Он еще раз окинул обоих взглядом.

- Вот, возьмите.

Он швырнул им увесистый мешочек и усмехнулся:

- Поделите на двоих по совести. И впредь не врать, ясно? Благодарю за службу, идите, - буркнул он, отворачиваясь.

- Служим королю и короне! – выпалили оба, снова вытягиваясь.

Едва оказавшись на улице, Жан взвесил в руке мешочек – и сунул его Леграну.

- Ты чего? – опешил тот. – На двоих же…

- Бери, - тихо проговорил Жан и оглянулся. – Бери. Только молчи, ладно?

Легран поспешно сунул мешочек в карман.

- Куда ты дел-то его? – спросил он сочувственно.

- В канаву вывалил, - буркнул Жан. – Куда его еще девать. Может, подберет кто. А нет – ну, туда ему и дорога…

* * *

Самое тяжелое занятие на свете – ждать. Ждать – и неважно, хорошего или плохого. А если и первое, и второе переплетаются, и не знаешь, что за чем последует, то жизнь вообще прекрасной покажется… сначала, а через минуту ты поймешь, что ошибся.

Ждать лорд Лестин умел, но не любил. Правда, за последний год он здорово этому научился.

Нельзя сказать, что старый лорд вел себя нетерпеливо или роптал на судьбу. Внешне невозмутимый, спокойный и уравновешенный, он мог дать фору любому царедворцу. Но разве это поможет? Можно спрятать, скрыть нетерпение в голосе или дрожание пальцев, но как скроешь стук сердца?

У лорда Лестина не было ни детей, ни семьи. Может быть, поэтому, думал старый воспитатель, он был так привязан к своему воспитаннику. Вернее, это сначала он думал, что поэтому. А потом просто понял, что будь у него сын, он любил бы воспитанника не меньше. Подчас он понимал короля Карла, который бешено орал на сына, но так же бешено гордился им. Он тоже гордился. Всегда. Каждую минуту. И ждал.

Вот и теперь оставалось – ждать…

Еще одна ночь – и все будет хорошо.

…Лестин ждал до утра, вздрагивая от каждого шороха, то и дело вскакивал, подходил к окну и, прячась за тяжелыми шторами, всматривался в черноту улицы. Ждал – сначала знакомых шагов, потом – топота солдатских сапог, потом уже вовсе неизвестно чего, но ждал – и только на рассвете забылся недолгим сном, свернувшись в три погибели в кресле, свесив голову на плечо и открыв рот во сне.

Утром лорд Лестин понял, что ожидание напрасно и Патрик не придет. И нужно ехать во дворец, потому что нужно… А потом обрадовался: ну, конечно же! Патрик встретился с Марчем, все хорошо, но было слишком поздно уже, и они остались в городе. И сейчас все разъяснится, нужно только увидеть Марча...

И утро было таким хорошим, прохладным по-осеннему и ясным, так рвалось с небес солнце, обещая светлый день, что лорд Лестин приободрился. Дорога до дворца даже не показалась ему такой длинной, как вчера. Улицы Леррена сияли, умытые предрассветным дождиком. Отпустив кучера и наказав ему вернуться ко дворцу к вечеру, Лестин крякнул и пригладил бороду. И чего волновался, старый дурак? Марч наверняка уже здесь…

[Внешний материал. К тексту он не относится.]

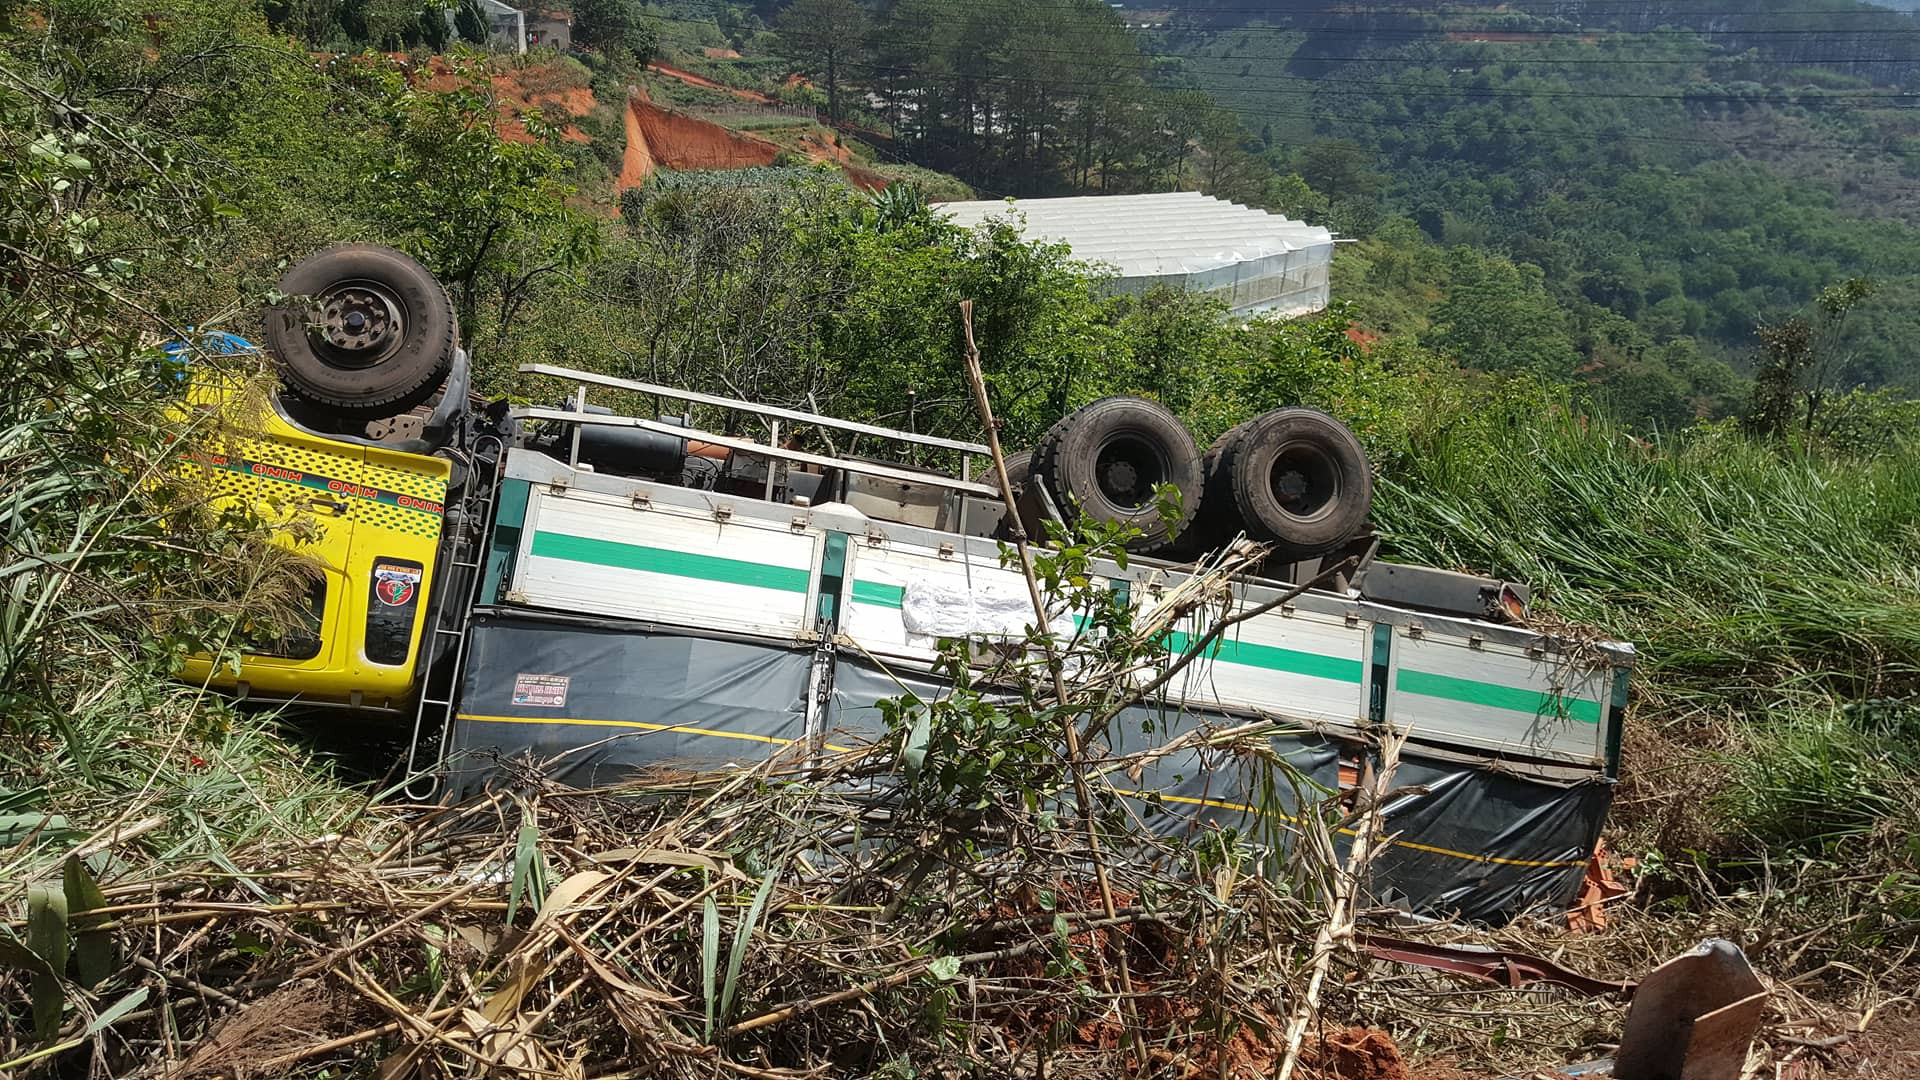 Đà Lạt: Người đi đường rớt tim khi chiếc xe tải đang leo đèo Mimosa thì bể nồi hơi, lao thẳng xuống vực - Ảnh 2.

Лорд Марч действительно был здесь – они столкнулись в коридоре, Марч шел с кипой каких-то бумаг, хромая и припадая на покалеченную когда-то ногу. И посмотрев на тщательно выбритое его лицо, на котором сквозь слой пудры все-таки проступала усталость, встретив измученный и растерянный взгляд, Лестин все понял. Они прошли друг мимо друга, только коротко поклонившись на ходу. Но в ту минуту, когда они встретились глазами, Марч едва заметно покачал головой.

Лестин кивнул сухо – и свернул к лестнице. Солнце померкло. Постоял у перил, морщась и потирая левую сторону груди – что-то стало побаливать сердце. И пошел тяжело по ступенькам вверх – в покои Его Величества короля Августа.

Малыш лежал в жару, полуприкрытый легкой простыней, откинув голову. Он уже несколько часов никого не узнавал. Бесшумно суетился у его постели лекарь, темно-малиновые шторы были задернуты, горели несколько свечей. Пахло воском, лекарствами и молоком. Большой плюшевый медведь сидел, одиноко растопырив лапы, в кресле в углу; на ковре у входа валялись бумажные голуби.

Запекшиеся, обметанные лихорадкой губы, прикрытые глаза, обведенные голубоватыми тенями, тонкая шейка вся в ярких пятнах сыпи… Его Величество король Август Первый Дюваль, малолетний правитель Лераны… мальчик шести лет от роду.

Когда Лестин, стараясь ступать по ковру неслышно, подошел к огромной кровати, от полога отделилась невысокая фигурка. И только по шороху платья и золотым волосам лорд Лестин узнал Изабель – так осунулось и похудело за эти дни ее лицо.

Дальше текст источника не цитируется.